Ask HN: Website with 6^16 subpages and 80k+ daily bots
Scale of the site & color math
- Several commenters challenge the “6^16 subpages” claim, explaining that 6-digit hex colors span 16^6 = 2^24 ≈ 16.7M unique RGB values, not 6^16.
- Thread walks through basic combinatorics (decimal 00–99 as 10^2, hex 000000–FFFFFF as 16^6) and byte/bit reasoning (256^3, 2^24).
- Some note that additional valid CSS forms (3‑digit hex, 8‑digit with alpha) would increase URL count, but still far below 6^16.
Nature of the pages & crawling
- Pages are generated dynamically from the URL (e.g.,
/000000,/000001), each with color-derived content. - Each page links to ~20 “similar color” URLs to feed crawlers, explaining how bots “crawl” the subpages.
- Some argue this is a single dynamic page pattern, not “millions of subpages” in the traditional sense.
Monetization & value debate
- Suggestions: add AdSense, sell backlinks, create a bot IP ban-list product, or sell the high-traffic site (with debate over the ethics of hiding that traffic is mostly bots).
- Others are skeptical there’s real value without human visitors, likening it to search-engine spam or a novelty experiment.
Bot analysis & defenses
- Multiple commenters recommend treating the site as a honeypot: log user agents, IPs, ASN, crawl depth, and publish stats.
- Technical mitigations proposed:
- robots.txt and bot-specific disallows.
- Cloudflare “Bot Fight” mode, rate limiting, CAPTCHAs, 402/paywalls.

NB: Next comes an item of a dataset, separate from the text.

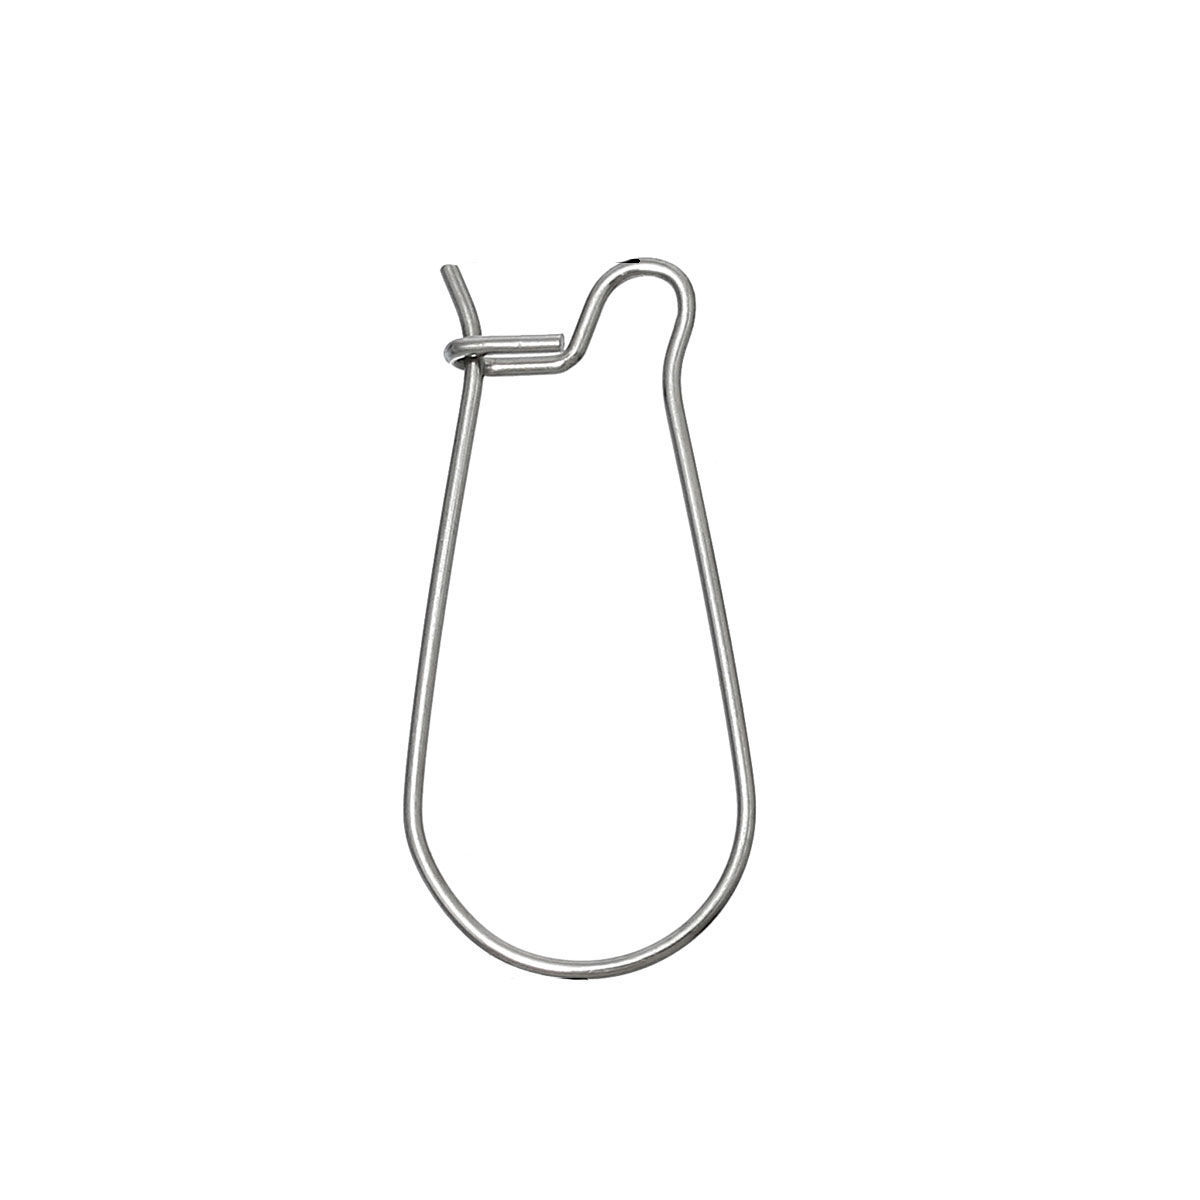 Picture of 304 Stainless Steel Kidney Ear Wire Hooks Earring Findings Silver Tone 21mm x11mm( 7/8" x 3/8") - 20mm x9mm( 6/8" x 3/8"), Post/ Wire Size: (21 gauge), 50 PCs

- Serving pages without HTML links (JS-rendered only) or SPA-style UI to reduce crawlability.
- Simple throttling: slow responses, holding sockets open, limiting POST size, and carefully chosen timeouts.
Bot poisoning & adversarial responses
- Elaborate ideas to “fight back”:
- Serving gzip/zip/brotli bombs (sometimes double-layered) to waste scraper resources, with debates on feasibility and limits.
- Injecting misleading or grammatically mangled text, especially targeted at LLM and data-mining bots, to pollute training data.
- Generating random “facts” or clickbait about each color (e.g., who “loves” or “hates” it) so they propagate into models.
- Some caution against harmful responses and broad ASN bans, noting legal and collateral-damage concerns.
Extensions & creative directions
- Ideas to expand the project:
- Include alpha (8‑digit hex) and other color spaces (LAB, HSV, CMYK), even floating-point “infinite” subpages.
- Turn it into a color/CyberChef-style toolkit or art tool.
- Embrace the Library of Babel vibe; several related projects and APIs are mentioned as inspiration.